For now its going to stay internal:
Not complete enough for people expecting a Meteor like experience
Too magical for people who want to set stuff up themselves
Aware that it probably does not make sense to make the build tool a feature for feature WebPack competitor.
This seems right - just make a new name, and new product. Keep Meteor more or less Meteor in a backward compatible way, while still iterating forward where you can. I think this is exactly what MDG is doing, and that’s great.
At the same time, new products are great! Company != product. It’s good for a company to have more than one product, and products change all the time (imagine if the iPhone 7 was just like the original iPhone).

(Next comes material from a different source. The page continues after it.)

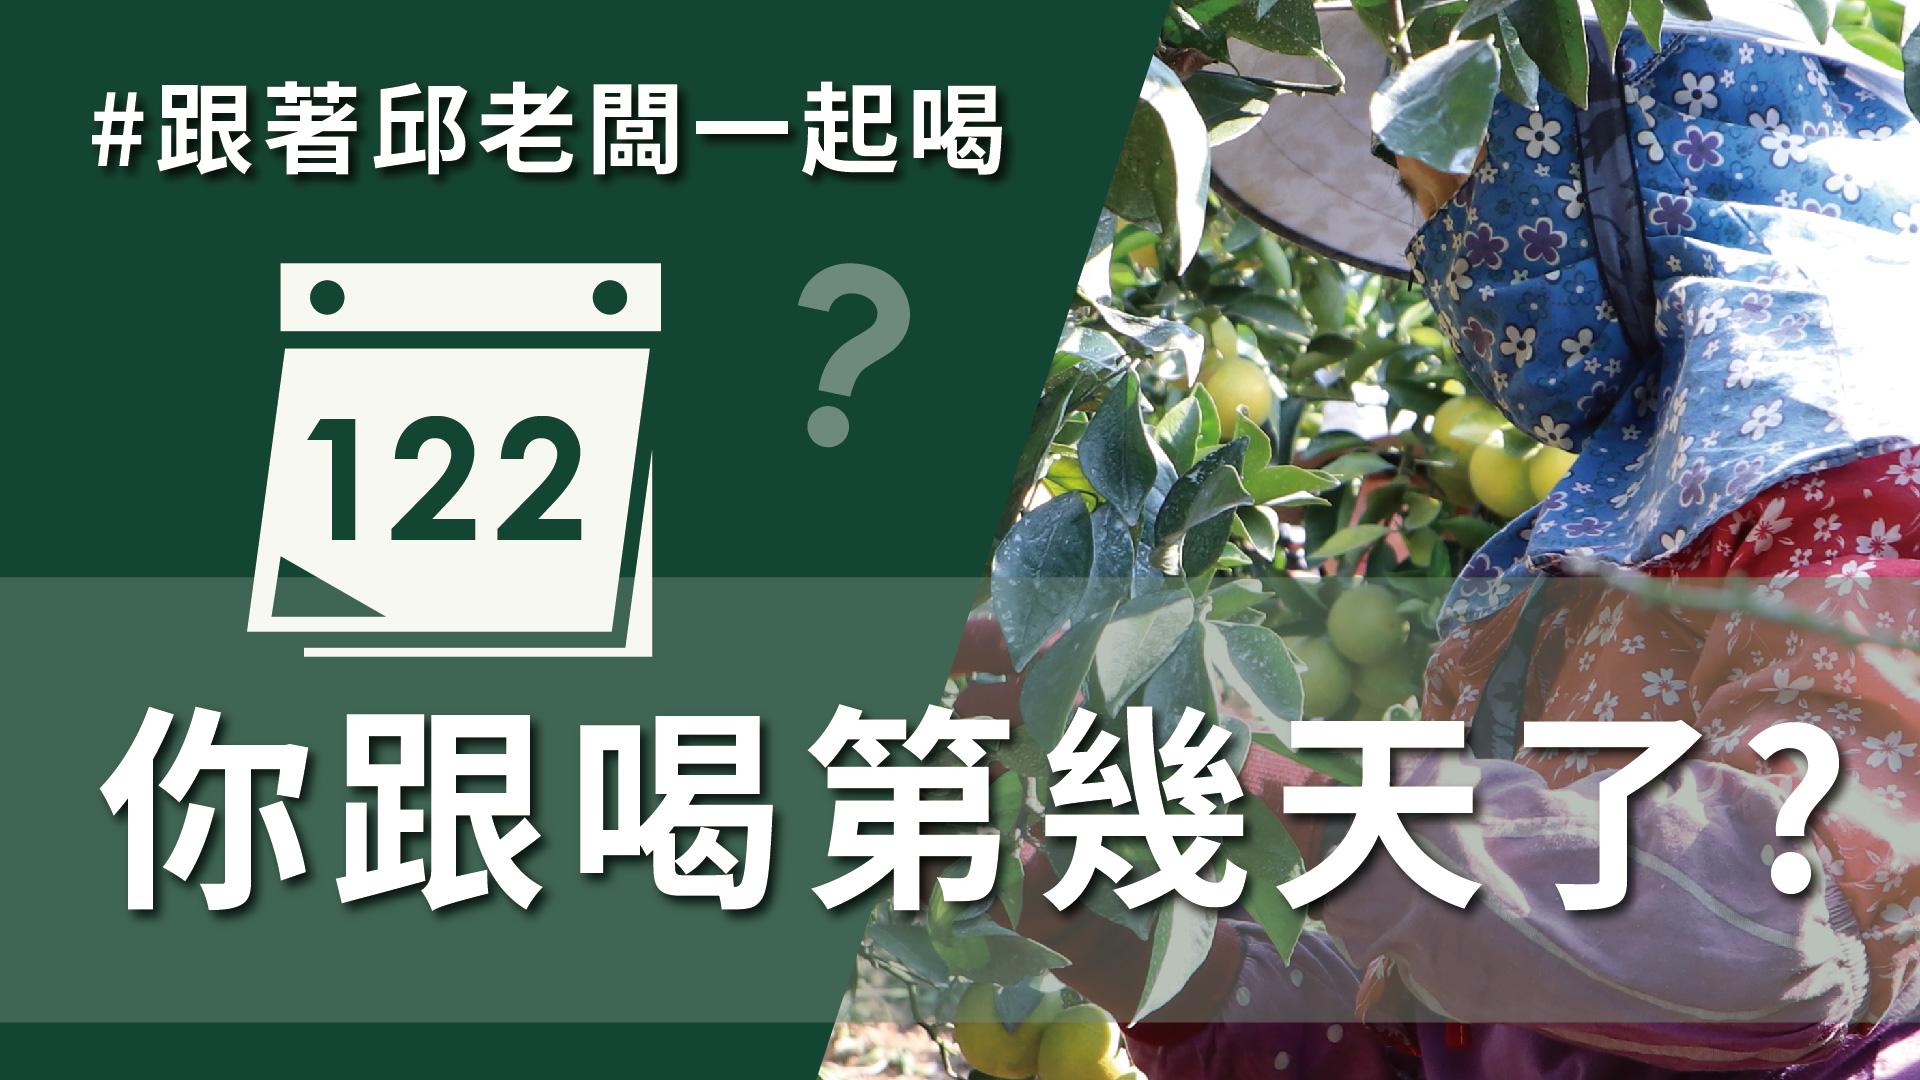 飲料控喝起乃! 2020熱門第一名台灣鮮搾柳橙綠,最清爽順口的口感!您一定要試看看! #1月13日 #DAY122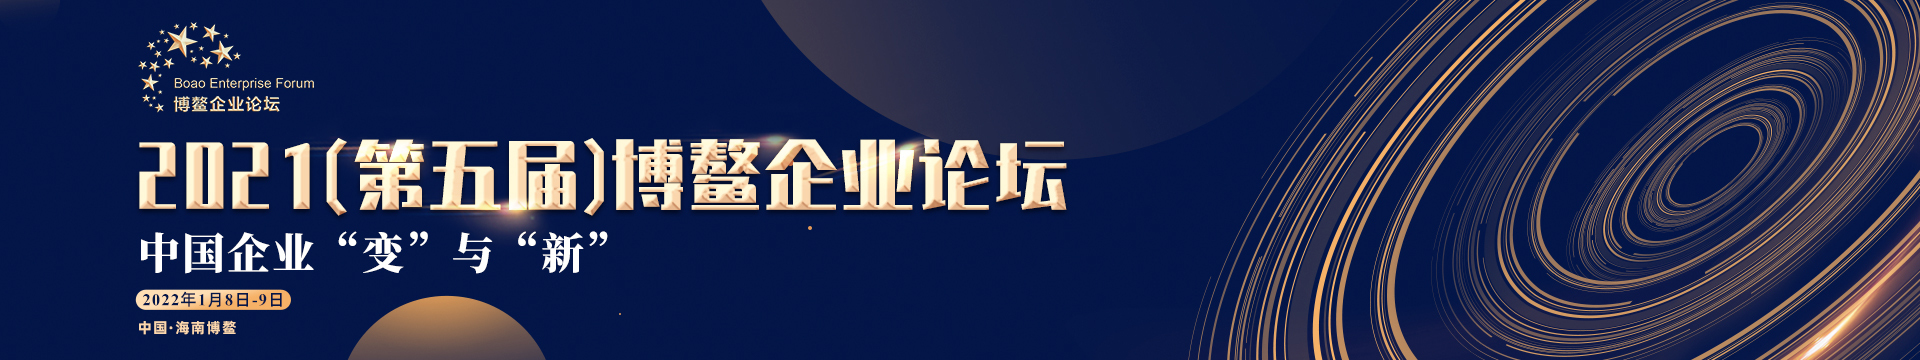 2021博鳌企业论坛

I don’t think anyone is suggesting otherwise. I myself have said this much in another thread some days back. But one thing, I’d change your condition somewhat, to this: MostForProfitCompanies ==Product(s).
What I think says a lot is the fact that MDG post a comment like this – which is fine – but then does not squash talk of Saturn one day replacing Meteor at the helm.
Agreed. At first (when I first created this thread) I was thinking a 2.0 would be a better solution… thinking about it further, a new product name would be a better alternative than a 2.0. Not only for backwards compat. but the other stack puts you in quite a different mindset when building (functional + declarative).
I can’t tell you how happy that makes me and how much confidence that gives me in Meteor.
That’s awesome, and thanks for the reassurance.
Maybe the marketing team should push out a message and let the community know that Meteor isn’t just a side project and it can and should be used for serious applications. I think a lot of potential developers have doubts about future support and development nowadays. (similar to how Blaze went under)
I feel like you are trying too hard to read more meaning into everything I say. But if it helps, there are exactly zero plans to have Saturn replace Meteor.
We’re working on this - in my opinion, the strongest endorsement we can provide is to explain how we use Meteor for our own production apps. Expect to see more very soon–right now we are focusing a lot on improving the build tool by working with production users that have big apps, and helping the Blaze transition happen smoothly.
People in the community are using it, and I think Tom uses it to test some Apollo SSR stuff. Either way, we can’t be accountable for every commit and repository out there.